Latest update March 28th, 2023 12:59 AM
Feb 06, 2023 News
Four years later…
…Patterson says Guyana now at the mercy of oil company
Kaieteur News – As Guyana scales up its oil production activities and begins revelling in revenue from its newfound natural resource, the country has been struggling to keep up with the oil company’s spending.
Failure to keep watch on this crucial sector however can cost the country more than it may be benefitting. This warning has been sounded several times by international organizations but Guyana seems to have its attention elsewhere.
Presently, the nation is still in the review process of an audit that commenced since 2019 under the former A Partnership for National Unity + Alliance For Change (APNU+ AFC) Coalition.
This is so at least according to Natural Resources Minister, Vickram Bharrat. He told the National Assembly last week during the Consideration of Estimates for Budget 2023 that this process will “hopefully” conclude “very soon”.
The Minister explained, “They would have found that there was need to go back and to do some further work with the operator which was done and a final report has now been submitted and is being reviewed by all the relevant agencies (and) stakeholders, including the petroleum unit at GRA (Guyana Revenue Authority). Once that is over, we will conclude the first audit hopefully very soon.”
Shadow Natural Resources Minister, David Patterson told this newspaper in an exclusive interview yesterday that the response from Minister Bharrat is almost unbelievable. “It’s two years now since GRA said they would have completed their report and when I asked, I was told by the Minister that they (Government) sent it to Exxon for any comments they may have and that was since last year- it is now still outstanding.”
Patterson said he finds it strange that two years later, the review of Exxon’s pre-contract costs is yet to be completed.
The former Minister of Public Works was keen to point out, “Once again, we are at the mercy of Exxon, if they (government) don’t agree (to the costs), they can say, we don’t agree, but we can’t do anything about it because of these delays.”
On the other hand, he said it may be a situation where the audit has been completed but the administration is simply reluctant to release a report.
“I think that one of the reasons why we have this delay is purely because Exxon and the government do not want the government to know what really is happening,” he shared.
Patterson said that Minister Bharrat has now given assurance that the US$7.3 billion cost oil audit will be completed in March this year, but given the present circumstance, he is not very confident in this promise. That audit was to check bills handed to the country between 2018 and 2020.
According to Patterson, these critical reviews should be conducted at the end of every year, but the country is still lagging behind on five years of audits.
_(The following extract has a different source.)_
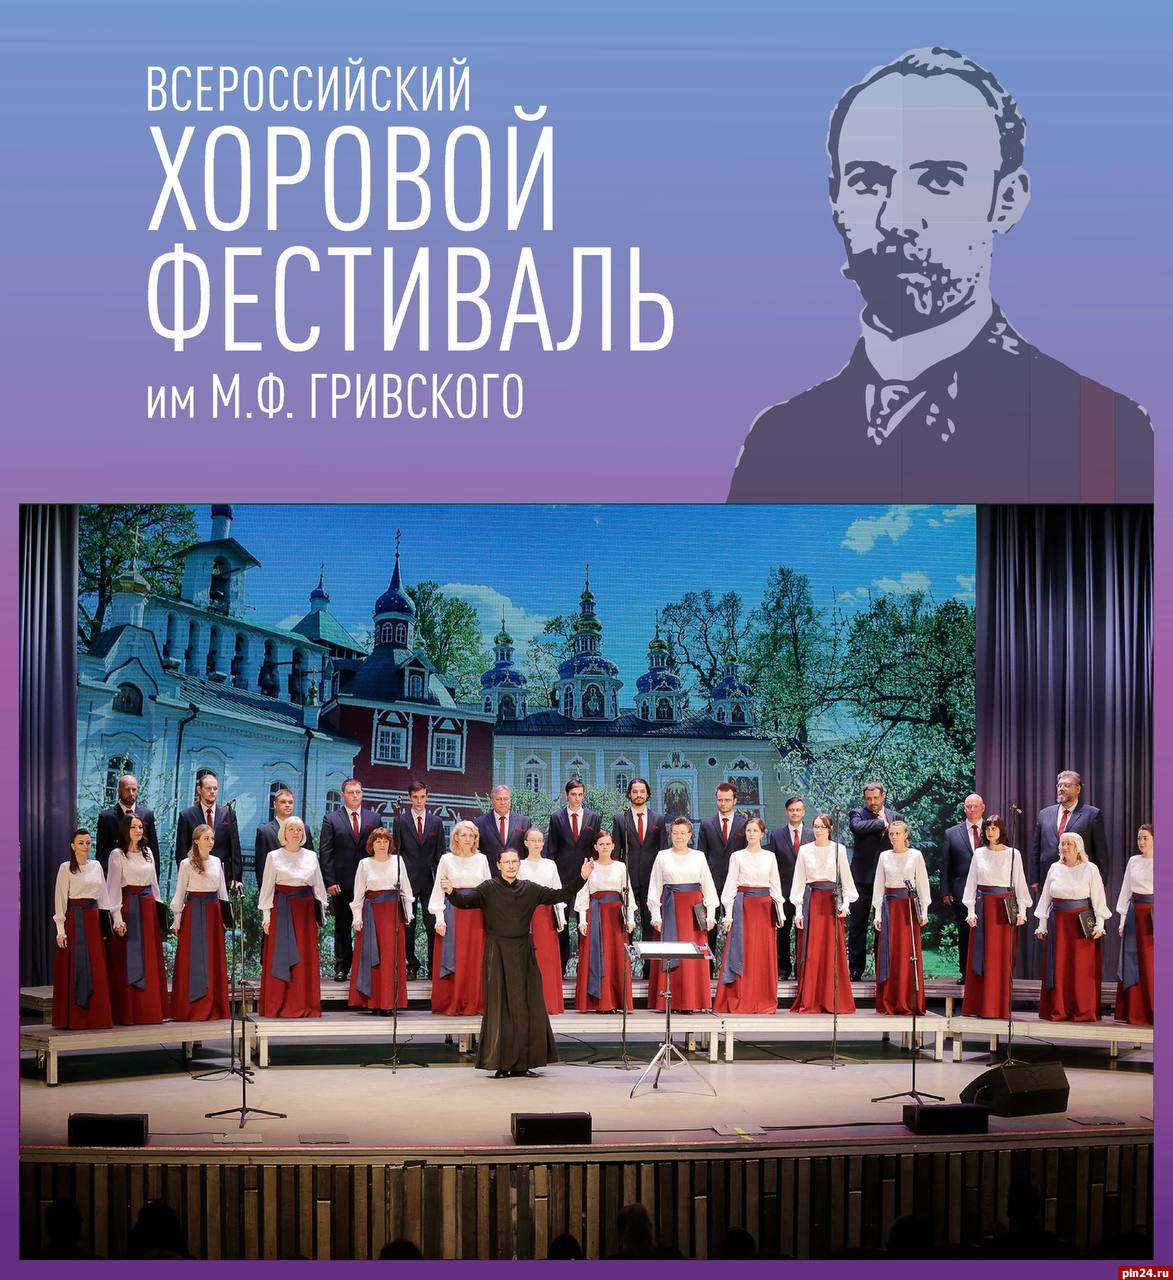 Всероссийский хоровой фестиваль имени М. Ф. Гривского станет темой брифинга в пресс-центре ПЛН
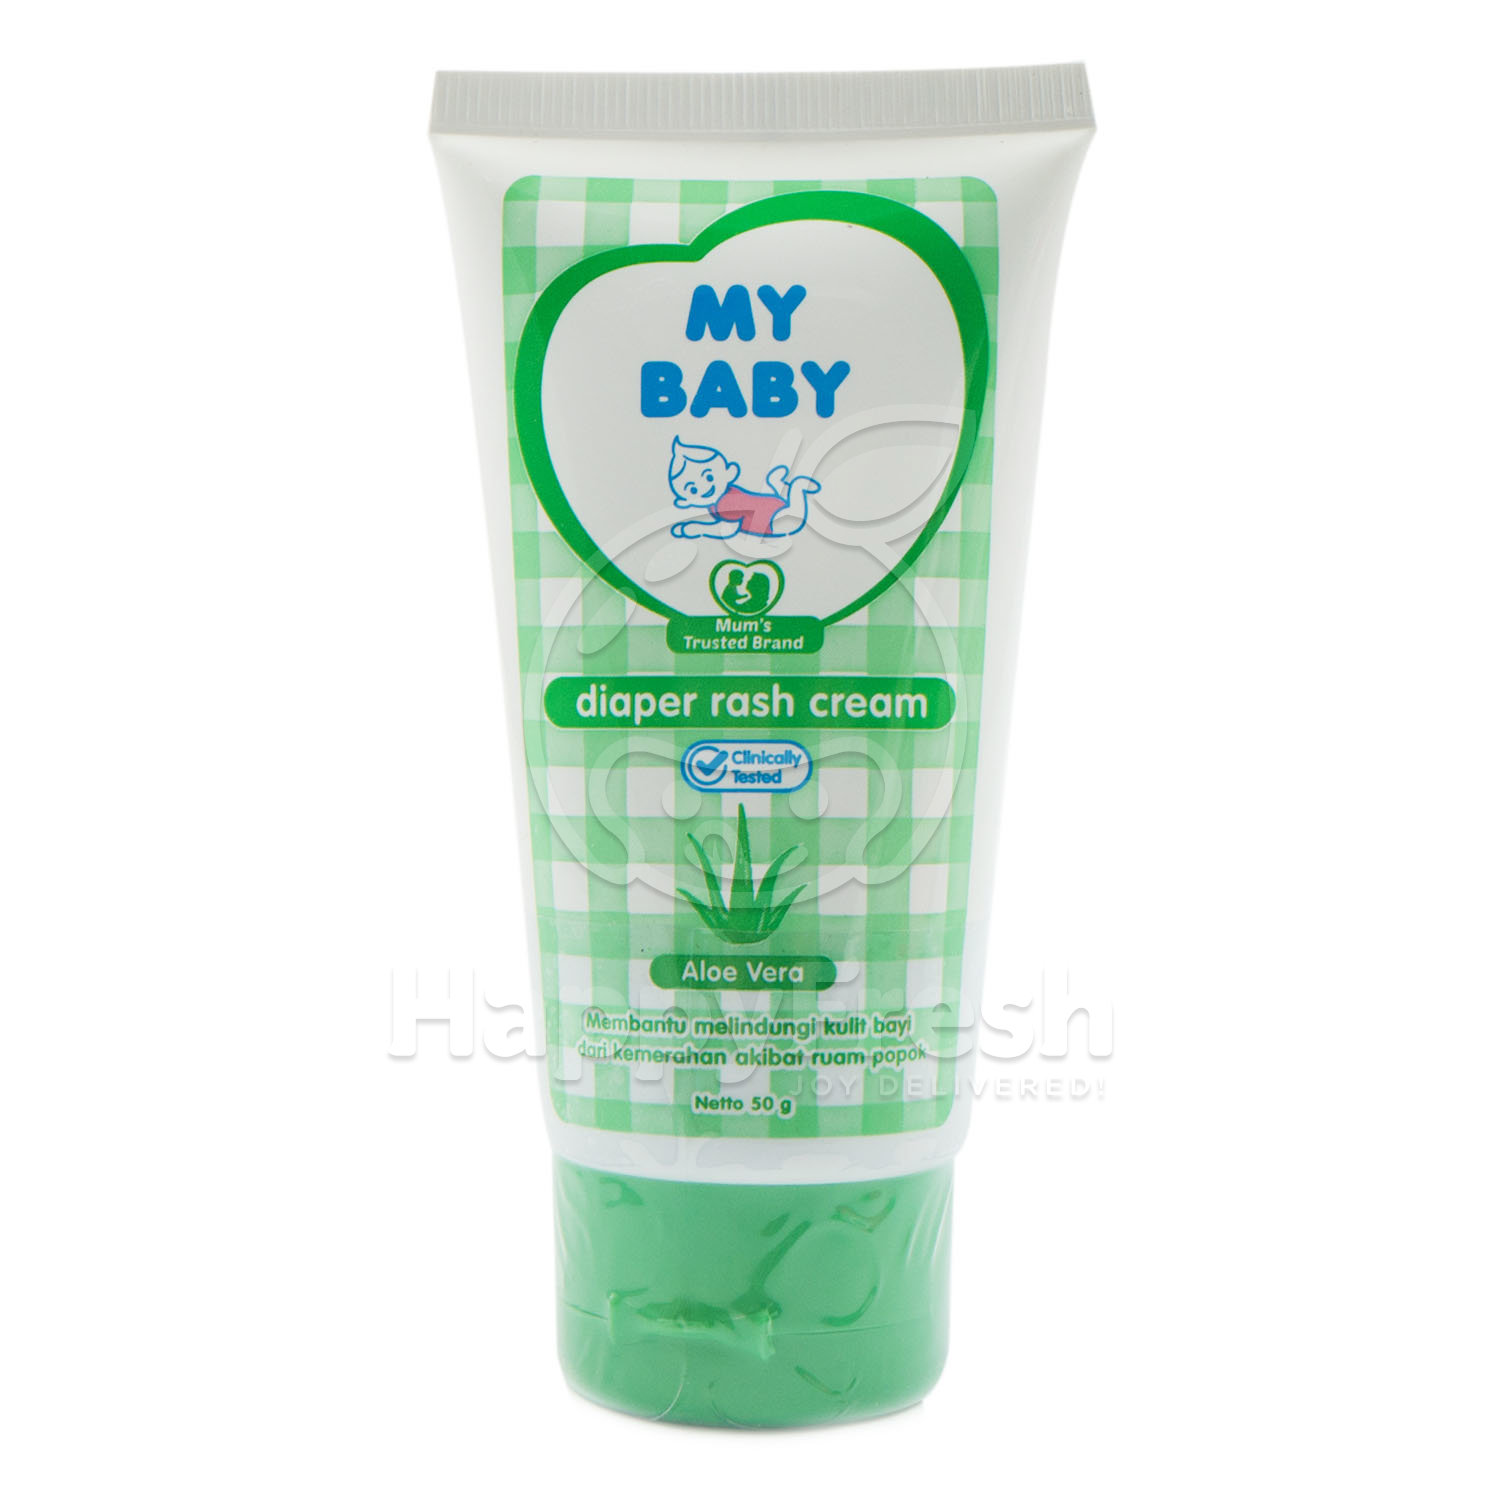 My Baby Diaper Rash Cream Aloe Vera Happyfresh

He said, “This is synonymous with the government’s whole management of the oil and gas sector. They have done nothing other than collect the money and use it. They have not stopped Exxon from flaring but they are content with just collecting a fine which is absolutely insane because Exxon is not allowed to do this anywhere else.”
In addition to flaring, Patterson said government has also failed to secure unlimited liability coverage in the event of an oil spill which can leave the country bankrupt.
“They have done absolutely nothing. They have just simply been sitting on their hands and allowing Exxon free reign in whatever area they want,” he argued.
In September 2019, the APNU+AFC regime had awarded a contract to a UK firm called IHS Markit to audit US$460M which ExxonMobil said it spent prior to 2015 for exploration works offshore Guyana.
But since the audit started to ascertain if this money Guyana has to repay is inflated, it appears that the nation is still stuck at the stage.
In March 2020, this newspaper reported that Commissioner-General of the Guyana Revenue Authority (GRA) Godfrey Statia has confirmed that he is in receipt of an initial audit report for the US$460M in pre-contract costs Guyana must pay to ExxonMobil’s subsidiary, Esso Exploration and Production Guyana Limited (EEPGL).
Statia at the time said he was now examining the report, after which he will do his own internal work, and then have discussions with IHS Markit, the UK Company that was recruited to audit the billions of dollars ExxonMobil said it invested in the Stabroek Block.